Dataset content:
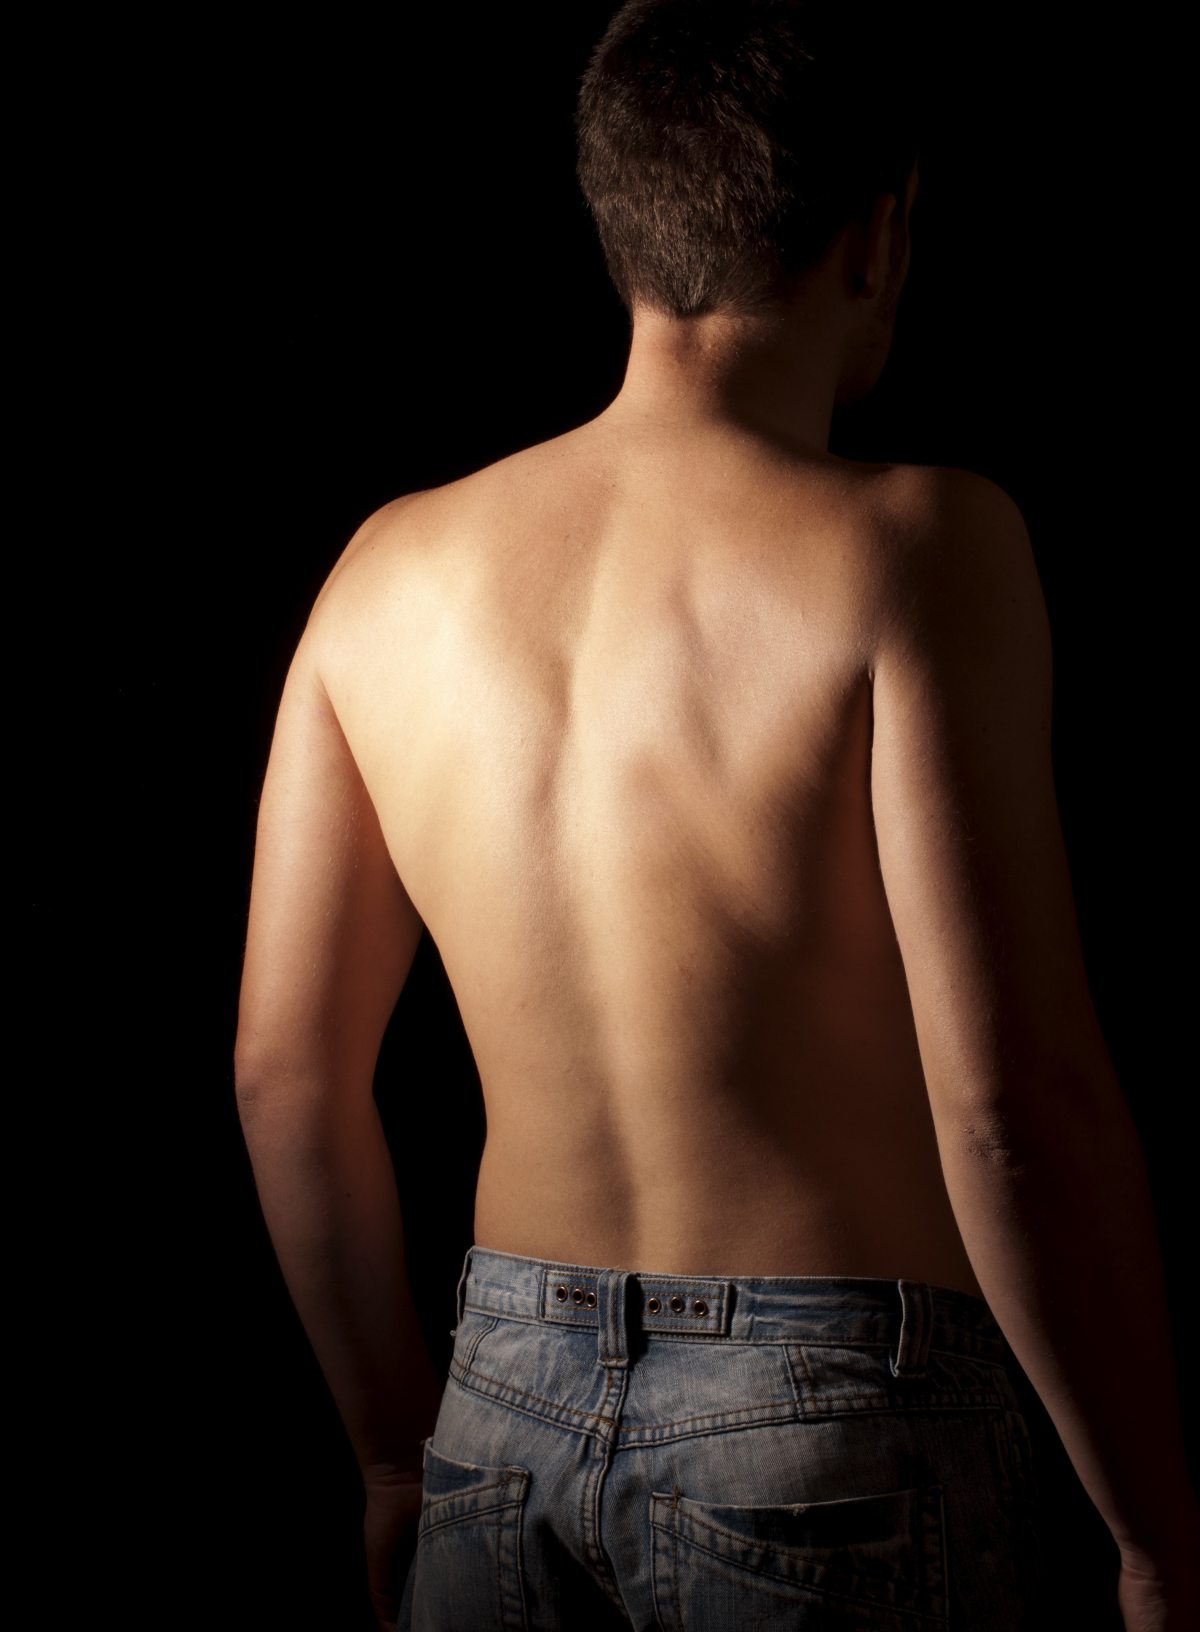 Four Steps To Fix Your Posture
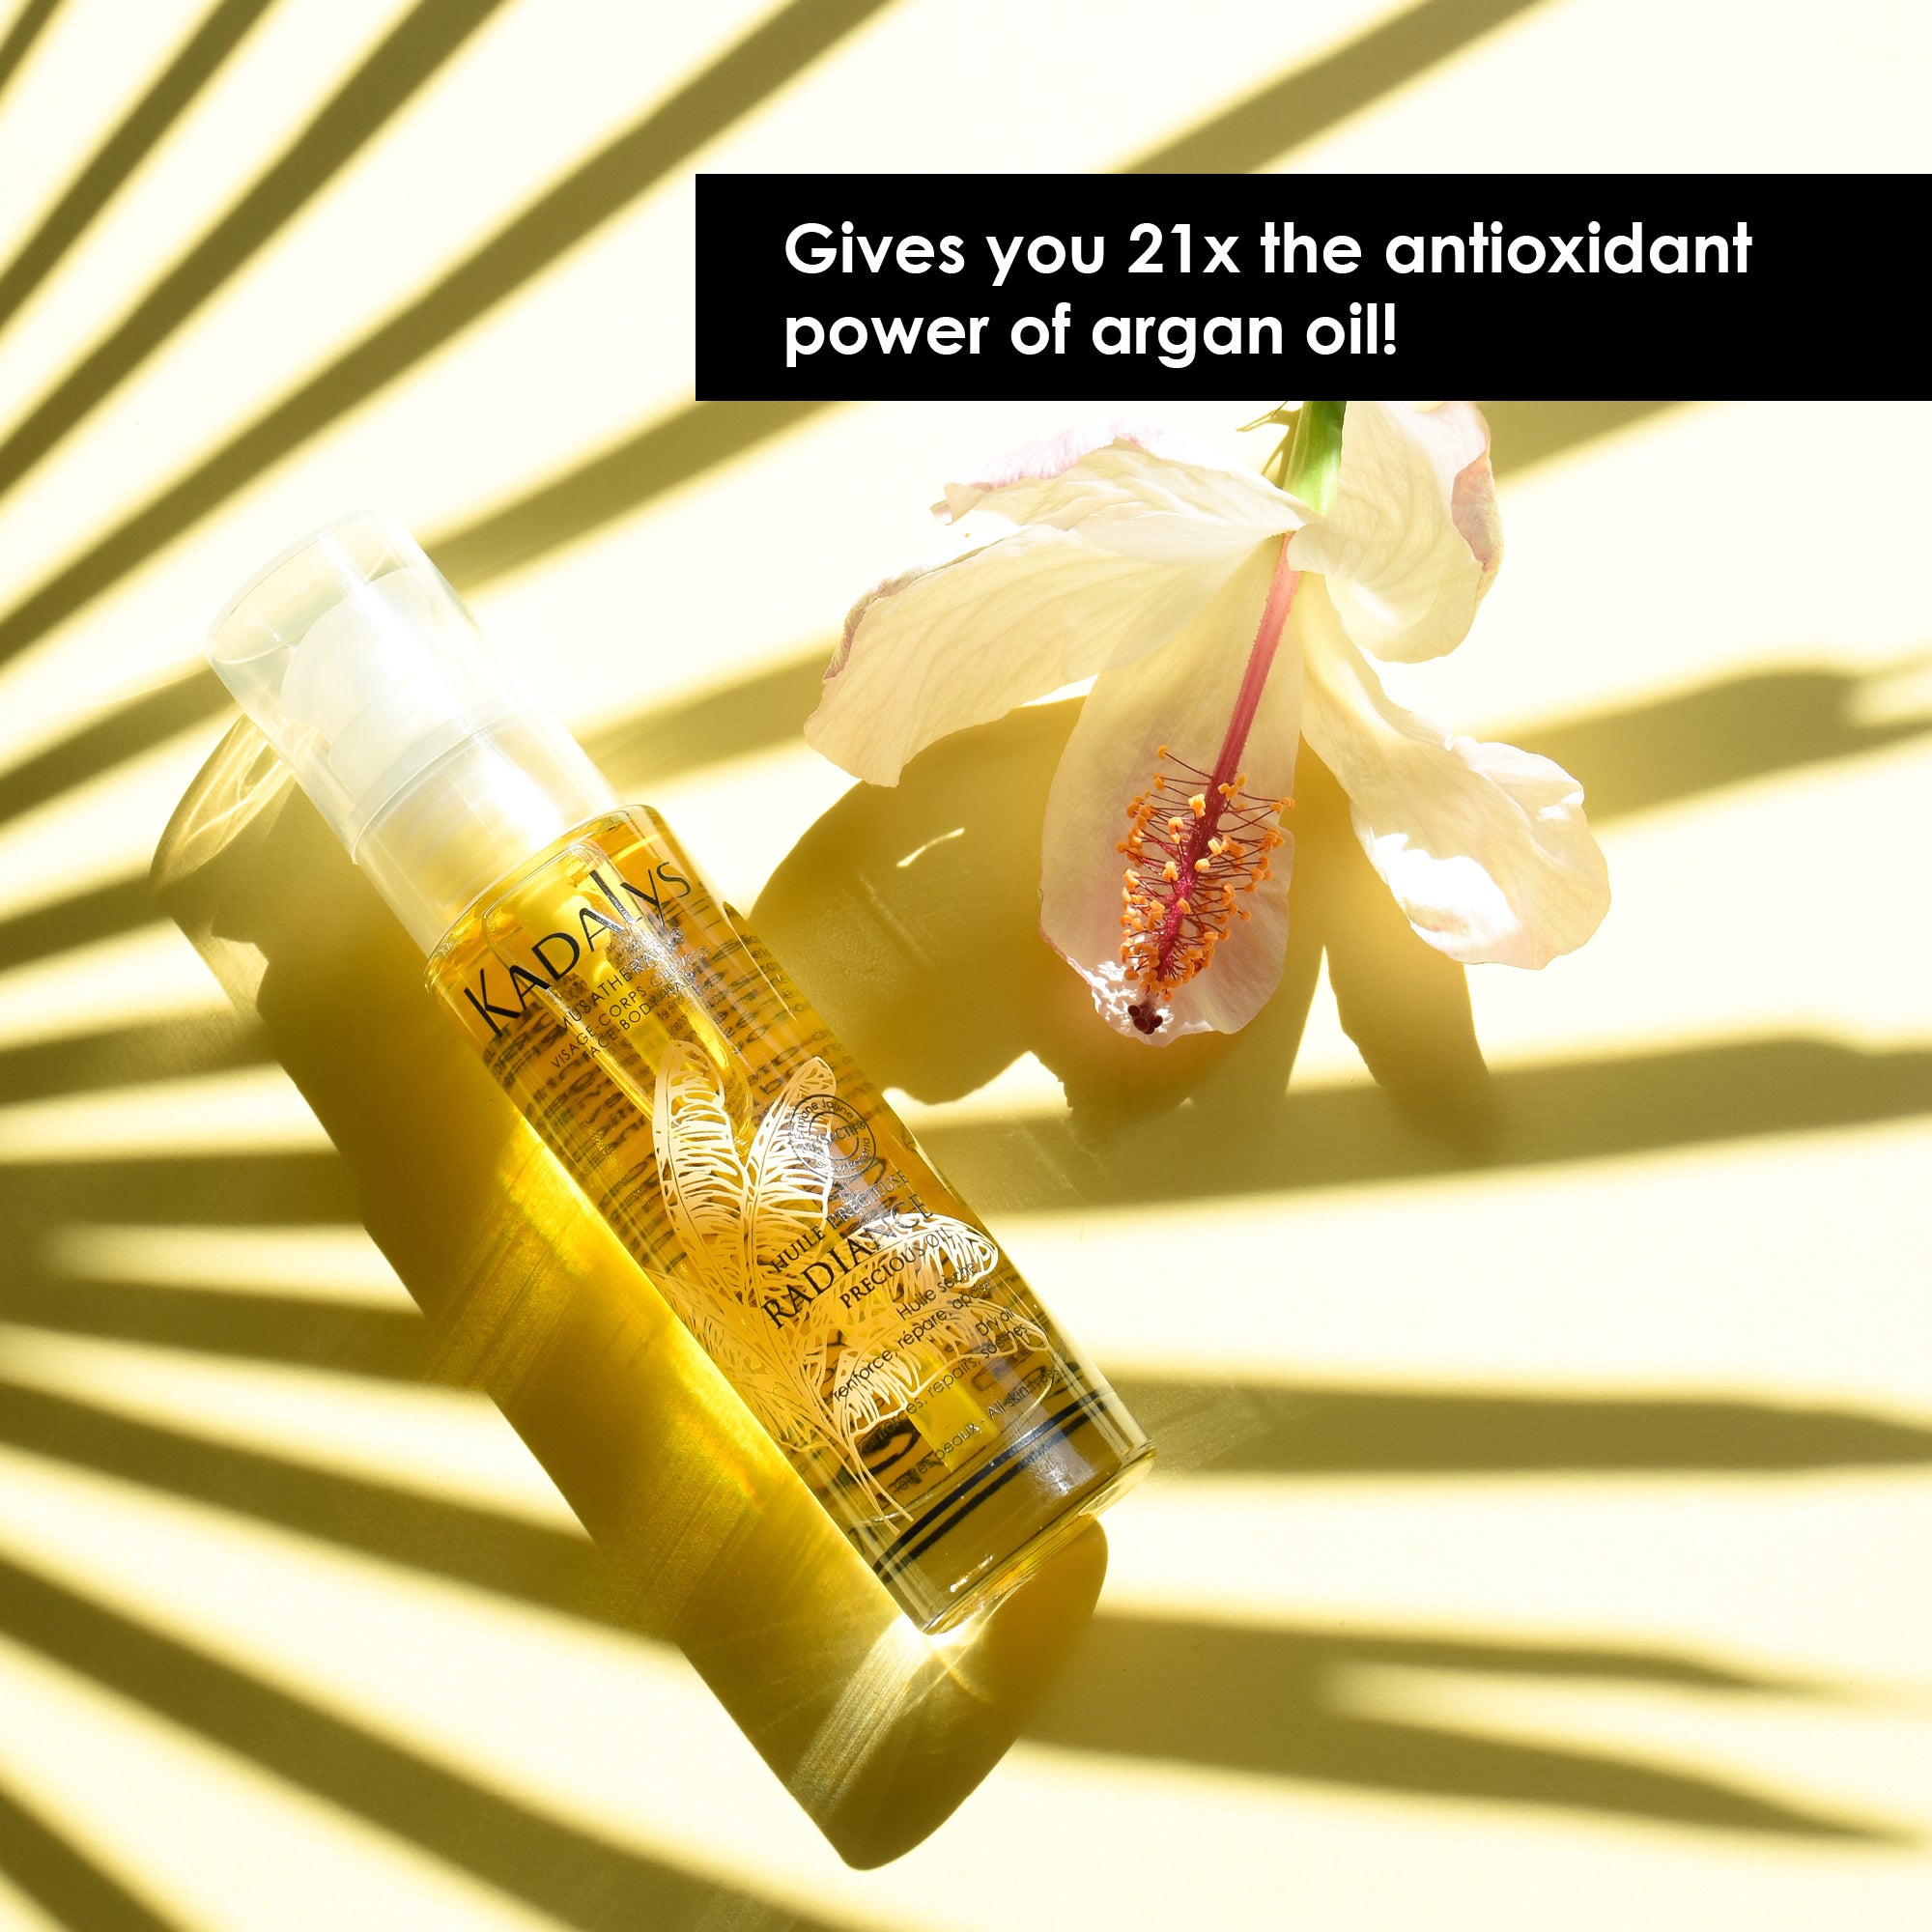 Image of Radiance oil against shadows of plant leaves.  Text reads: 21x the antioxidant power of argan oil.
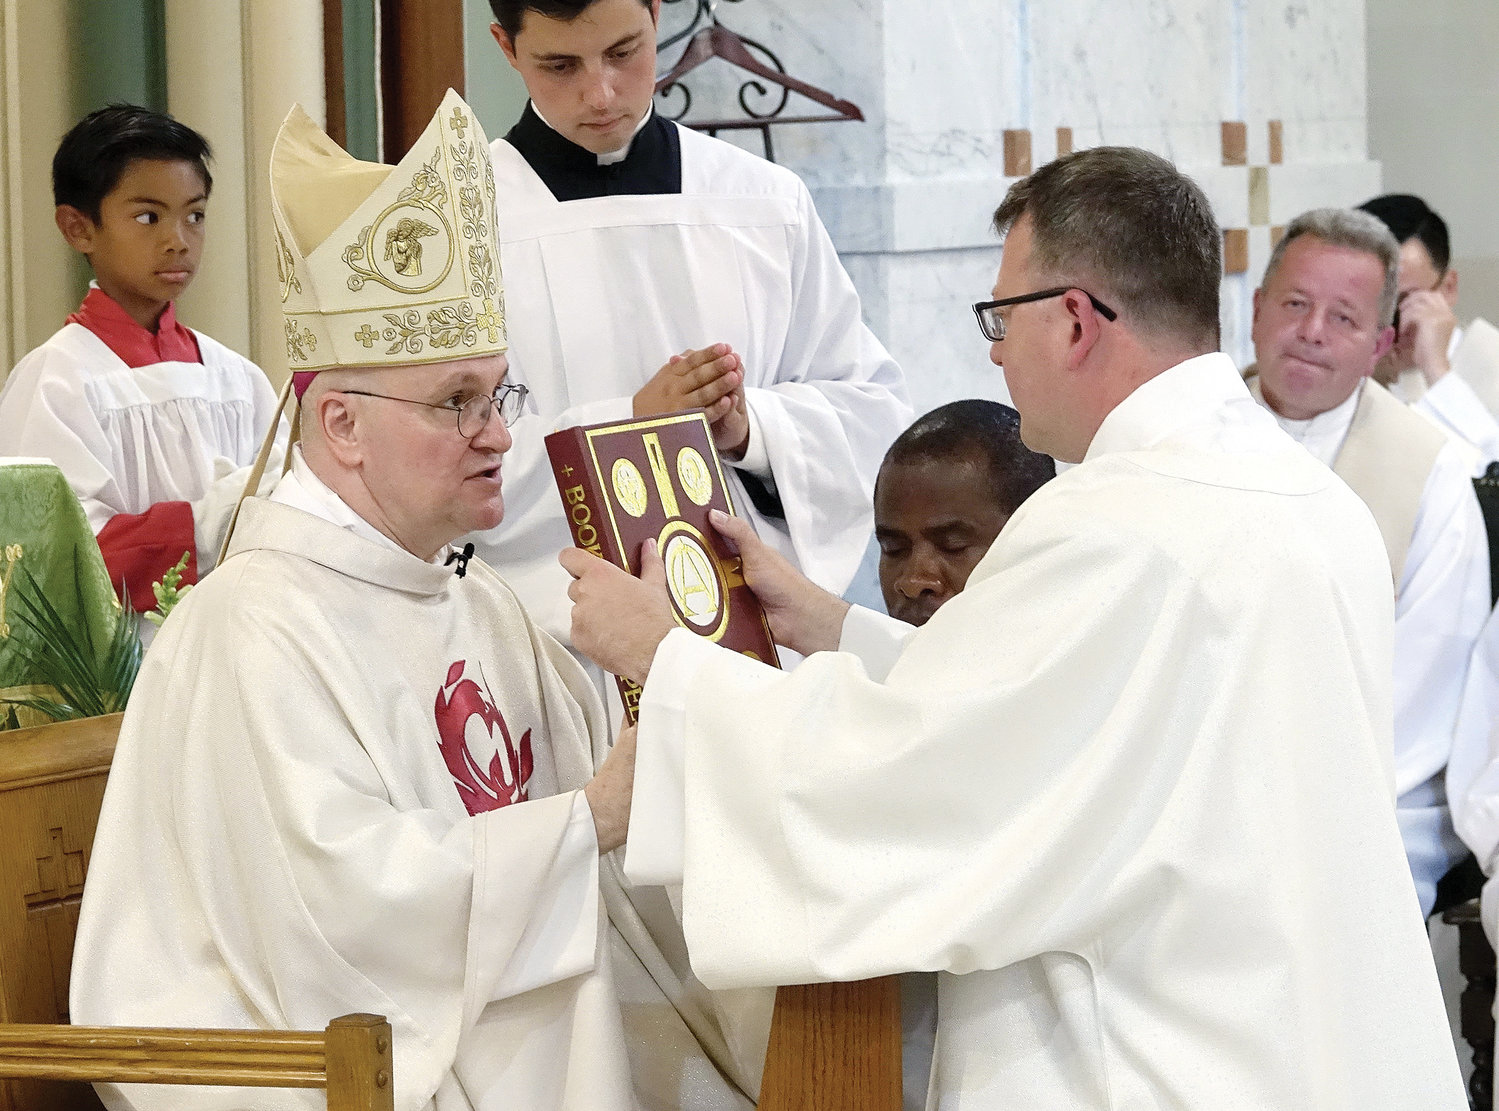 Auxiliary Bishop James Massa, rector of St. Joseph’s Seminary, Dunwoodie, presents Deacon Steven Neier, C.O., with the Book of the Gospels during the July 17 Mass at which he was ordained  to the transitional diaconate at St. Ann Church in Nyack.

Aim of the exercise:
Reproduce all the material exactly, omitting images.

Answer below:
 Four Steps To Fix Your Posture
 Image of Radiance oil against shadows of plant leaves.  Text reads: 21x the antioxidant power of argan oil.
 Auxiliary Bishop James Massa, rector of St. Joseph’s Seminary, Dunwoodie, presents Deacon Steven Neier, C.O., with the Book of the Gospels during the July 17 Mass at which he was ordained  to the transitional diaconate at St. Ann Church in Nyack.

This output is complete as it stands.